No offence intended Si, but its probably best that you aren't just yet, it takes a lot of practice to be a competent and safe handler.


----------



## SiUK (Feb 15, 2007)

none taken at all  , I most certainly wouldnt be offering mentoring.


----------



## ljkenny (Mar 5, 2007)

leptophis said:


> really , I dont know why, I only keep corn snakes, i think hes just being modest


Hmmm! Yes, I've seen your "Corn Snakes". 



Angi said:


> What? Siuk is giving mentoring? I thought he had only just started out recently??? Confused now.


No, not at all! I know he's not been keeping hots that long.

Neither would he offer he mentoring, nor would I accept it from him.


----------



## leptophis (May 24, 2007)

ok poop my secrets out then, send me a pm, i have a couple of people coming staurday for training, if you want to join us, but you would need to take a test for part of our criteria for h & s if you ask mark everyone has to do it, I can however email it to you


----------



## ljkenny (Mar 5, 2007)

Thanks Pete.

I've sent you a PM.


----------



## mark elliott (Feb 5, 2007)

ljkenny said:


> Thanks Pete.
> 
> I've sent you a PM.


good luck with the exams


----------



## vikki_john (Jul 16, 2007)

What is this venomous training thing at Bristol. What does it involve ?


----------



## ljkenny (Mar 5, 2007)

mark elliott said:


> good luck with the exams


Cheers Mark.

I'm going to try and finish the final one tomorrow.
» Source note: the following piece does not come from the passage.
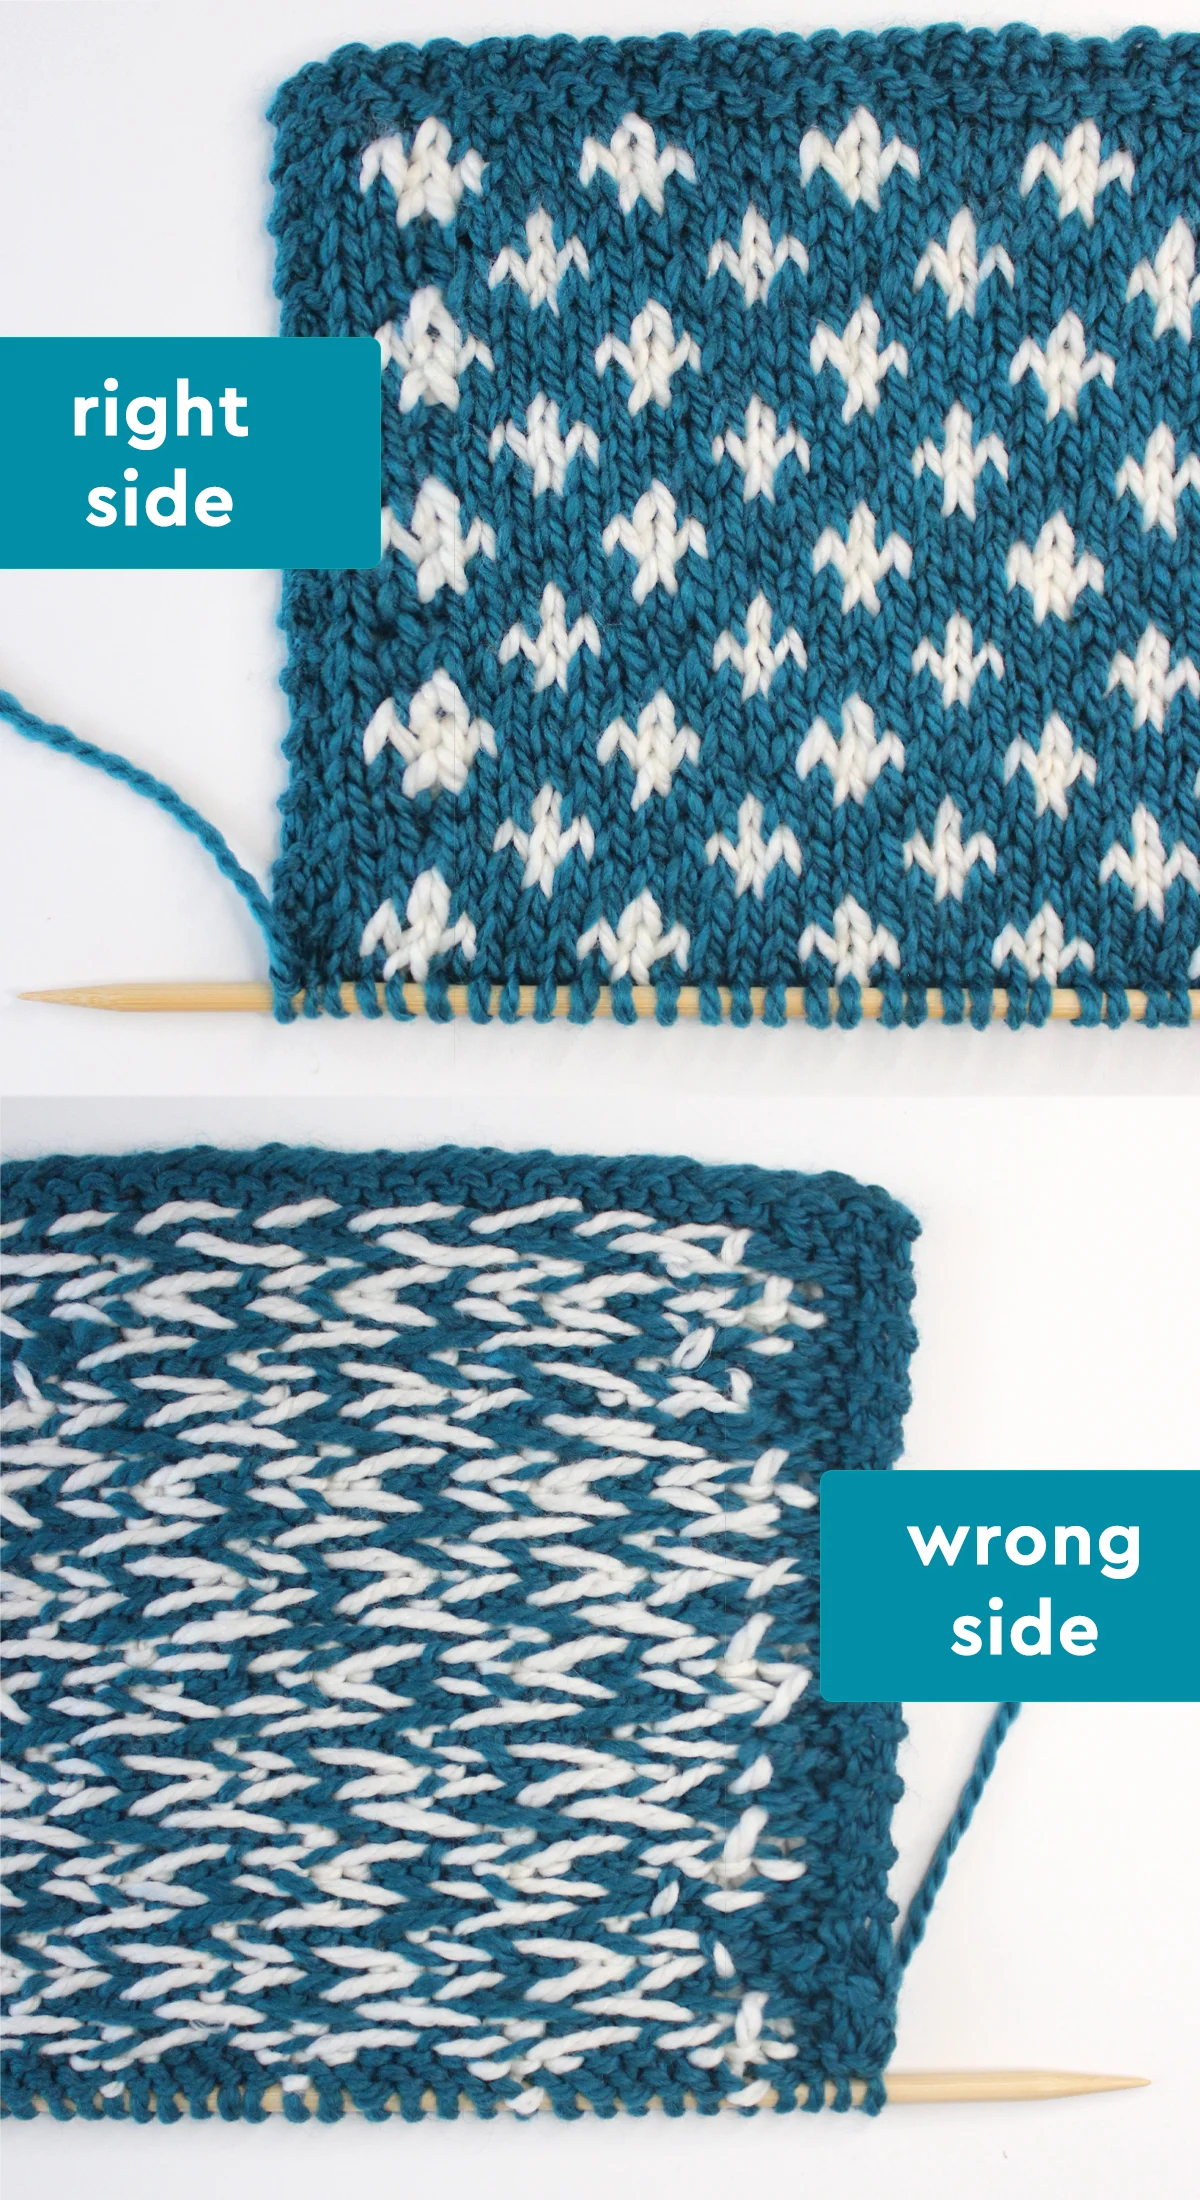 Right and Wrong sides of the Fleur de Lys knit stitch pattern in blue and white color yarn on knitting needle.
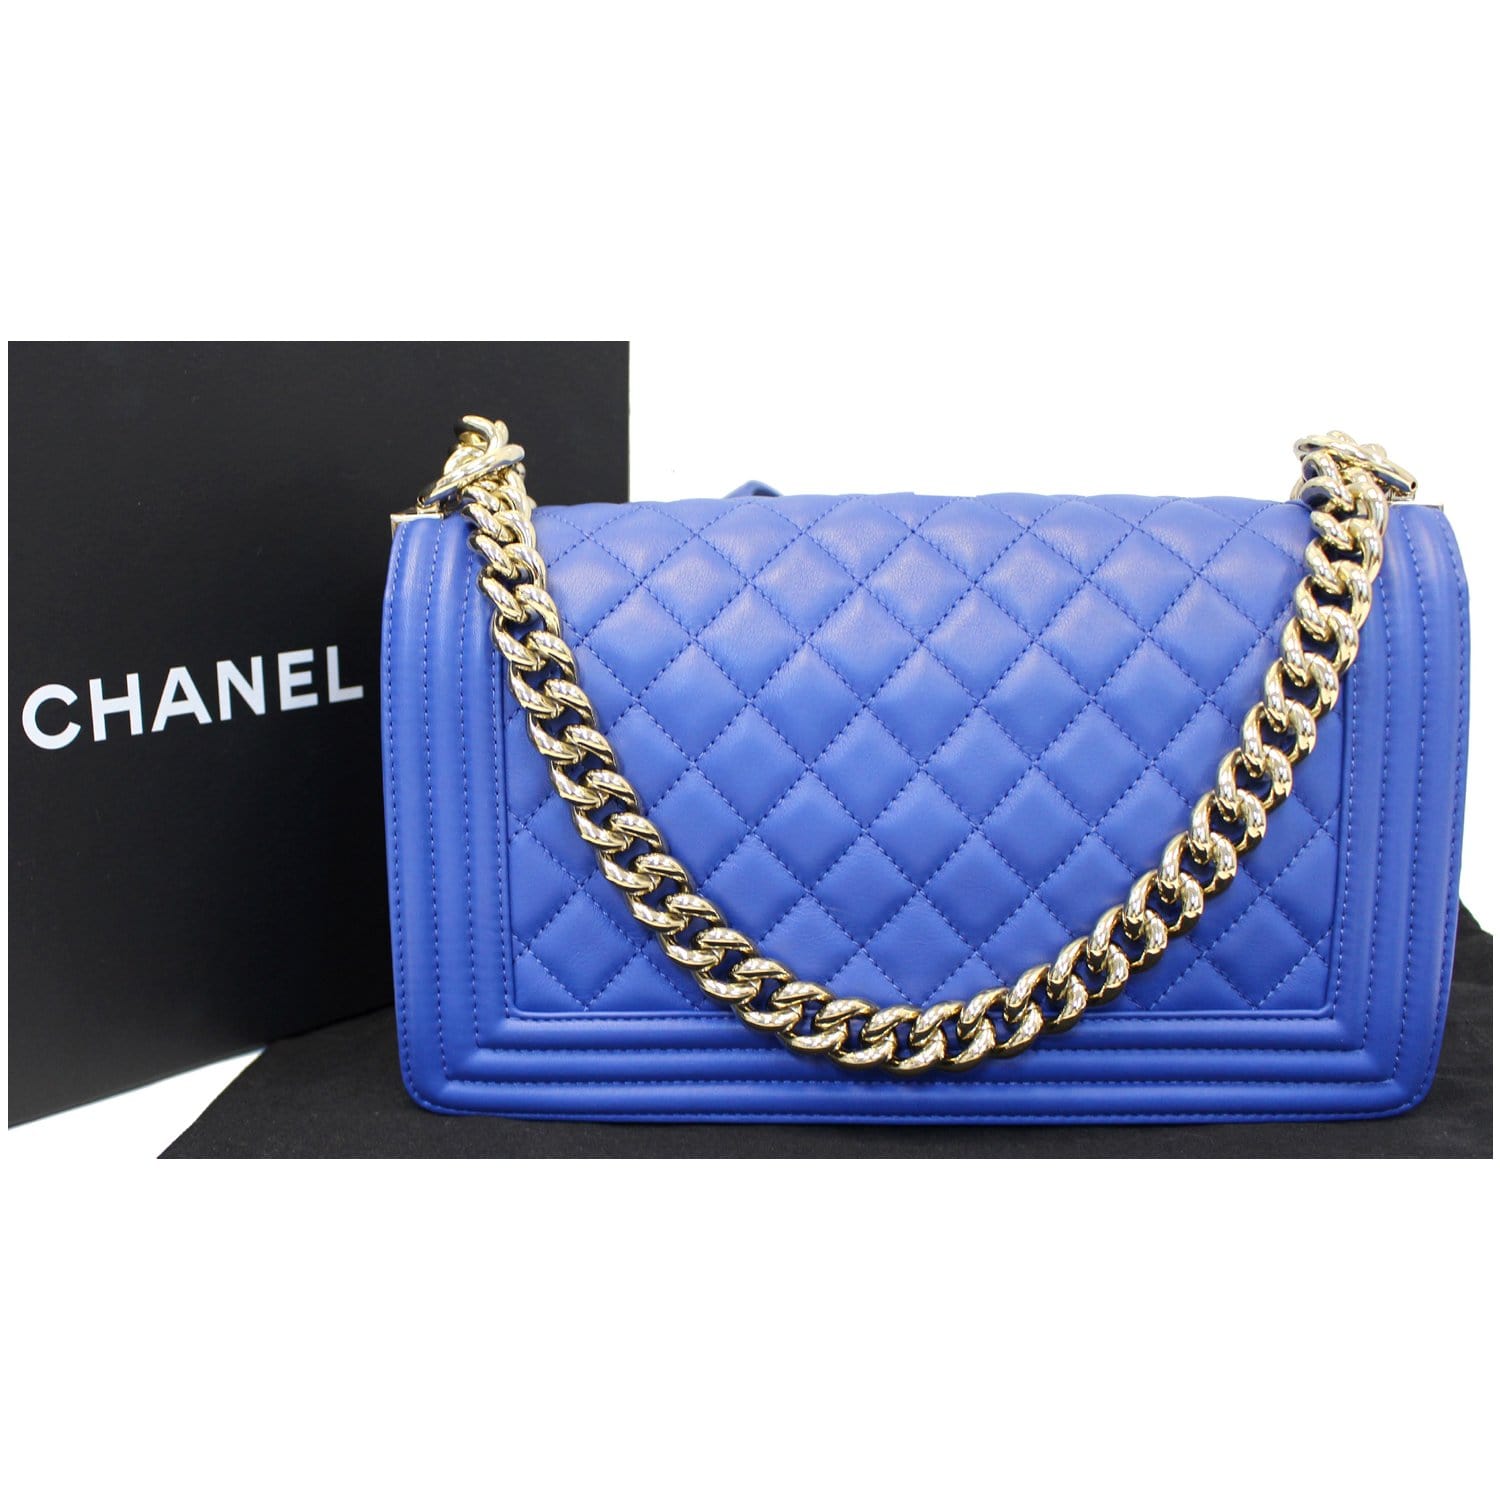 Chanel CCpurse Sac Class rabat Patton leather navy blue and silver shoulder  bag￼

I'll let you know how I get on.


----------



## 400runner (May 15, 2006)

96% to beat :no1:


----------



## ljkenny (Mar 5, 2007)

Oh, you're in on it aswell?

Quite the following.

Are you currently being trained by Pete then?


----------



## vikki_john (Jul 16, 2007)

What does this venomous training involve ?


----------



## leptophis (May 24, 2007)

training in venomous,


----------



## ljkenny (Mar 5, 2007)

Pete, while you're about, would you mind replying to my email? : victory:


----------



## Declan123 (Dec 29, 2007)

leptophis said:


> training in venomous,


ROFL, one of the best replies ive heard in a long time :2thumb:


----------



## ljkenny (Mar 5, 2007)

Declan123 said:


> ROFL, one of the best replies ive heard in a long time :2thumb:


Don't encourage him! :lol2:


----------



## leptophis (May 24, 2007)

what email,


----------



## Declan123 (Dec 29, 2007)

ljkenny said:


> Don't encourage him! :lol2:



Im sorry : victory:


----------



## mark elliott (Feb 5, 2007)

400runner said:


> 96% to beat :no1:


one person has scored 100%


----------



## Declan123 (Dec 29, 2007)

vikki_john said:


> What does this venomous training involve ?



Usually, venomous snake husbandary... (caring) venomous snake equipment and handling...(hooks, tongs, trap boxes etc..)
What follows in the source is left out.